:: Data provided ::

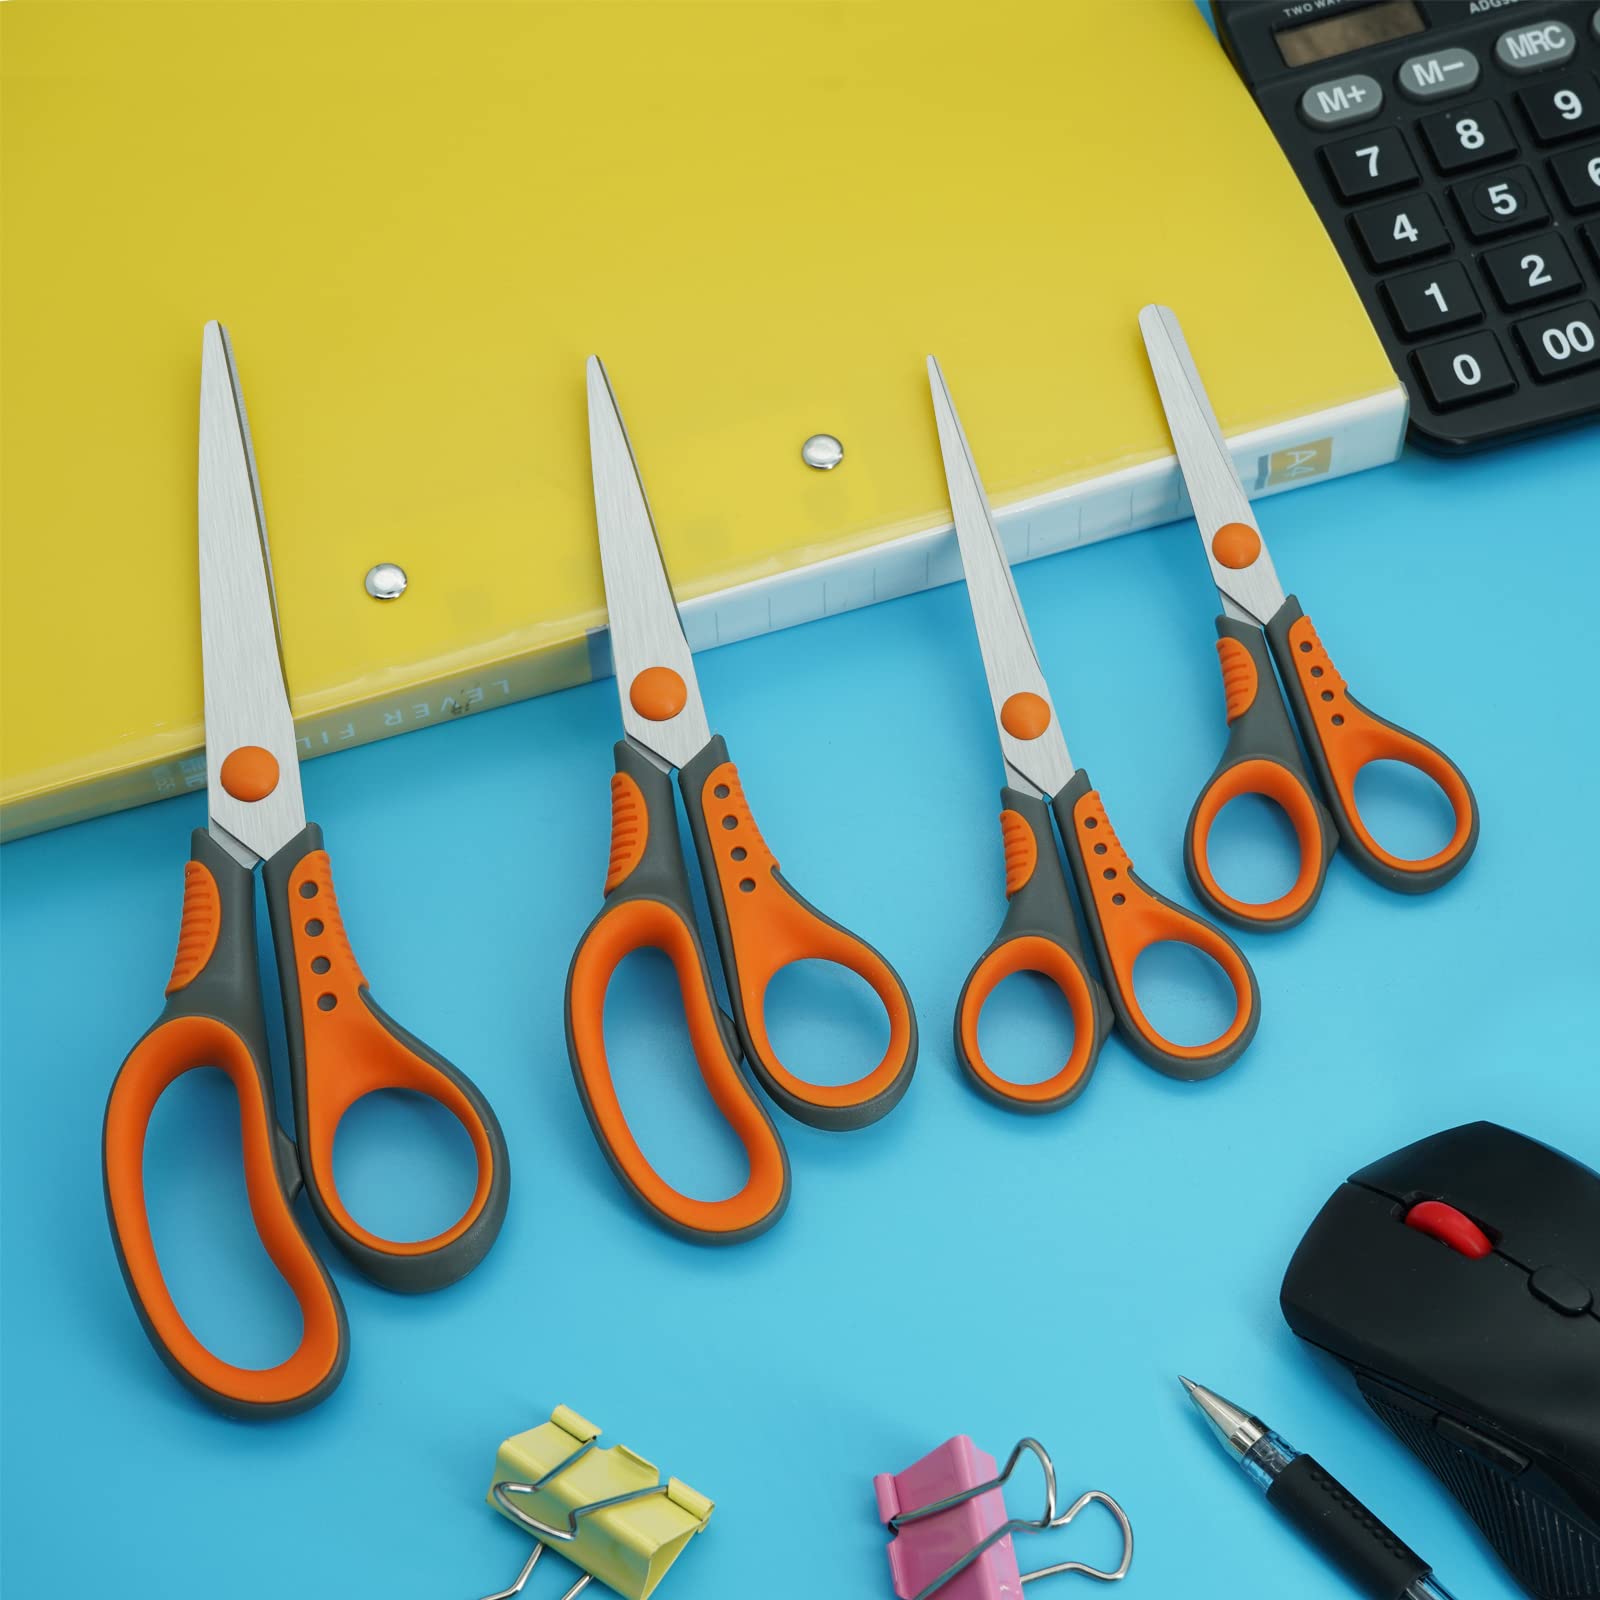 Oiijiok Scissors, Multi-Purpose Office Scissors, Comfortable Grip Household Scissors, Sturdy Sharp Craft Supplies in a Pack of 4 for Office, Home, School, Scissors for High School Teachers
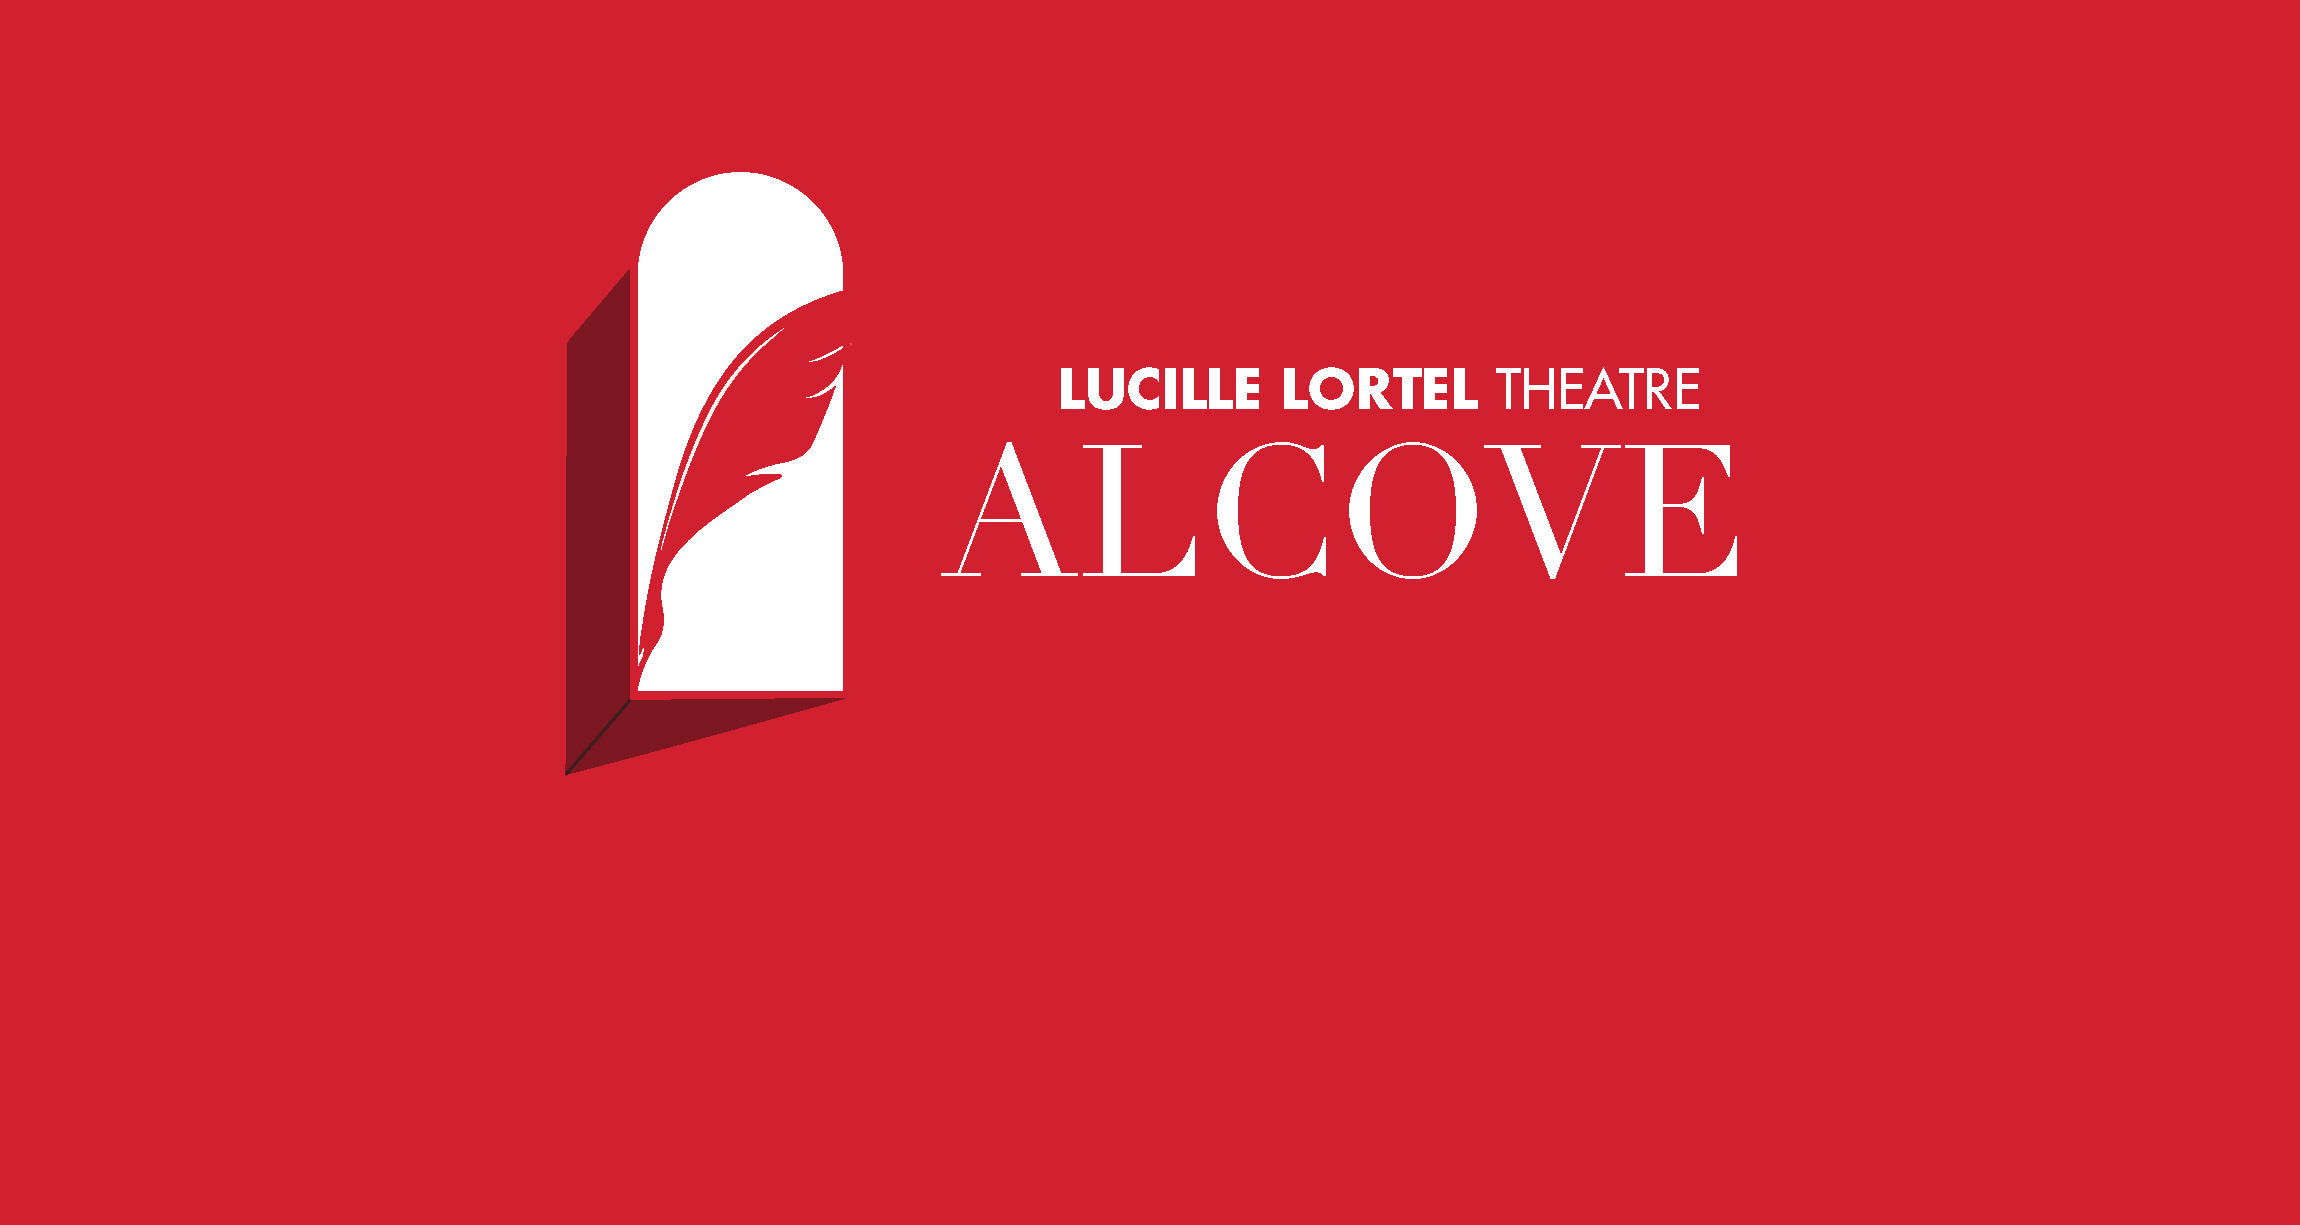 Lucille Lortel Theatre: Alcove logo
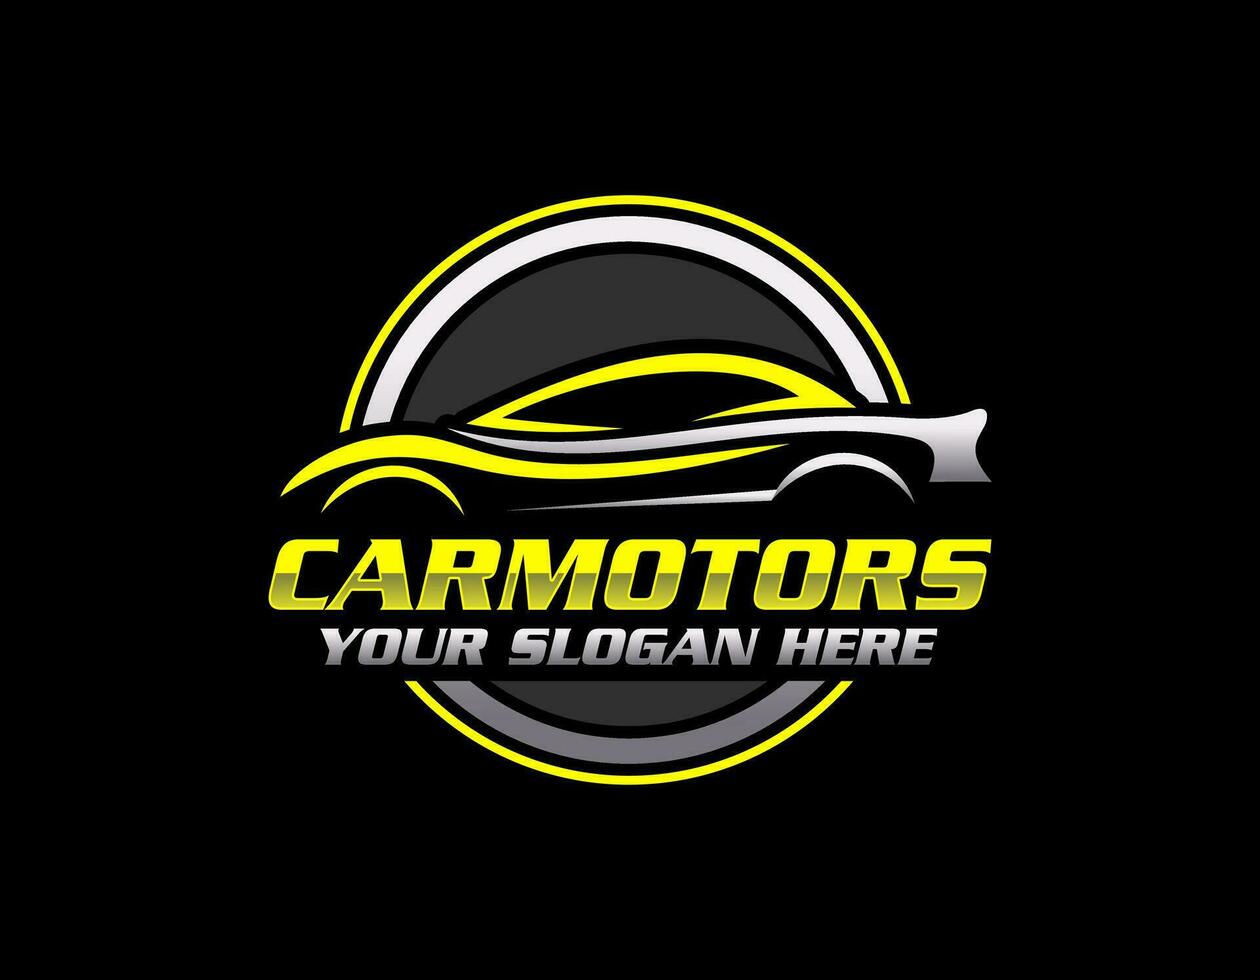 vector ilustración coche alquiler logo plantilla, emblema, insignias aislado en negro fondo, oscuro logo con atractivo color degradado.

:: Work request ::
Every line from the one with "Lucille Lortel Theatre: Alcove logo" through the last line of the listing above must be written out exactly, and no picture may appear.

:: Answer for the task ::
 Lucille Lortel Theatre: Alcove logo
 vector ilustración coche alquiler logo plantilla, emblema, insignias aislado en negro fondo, oscuro logo con atractivo color degradado.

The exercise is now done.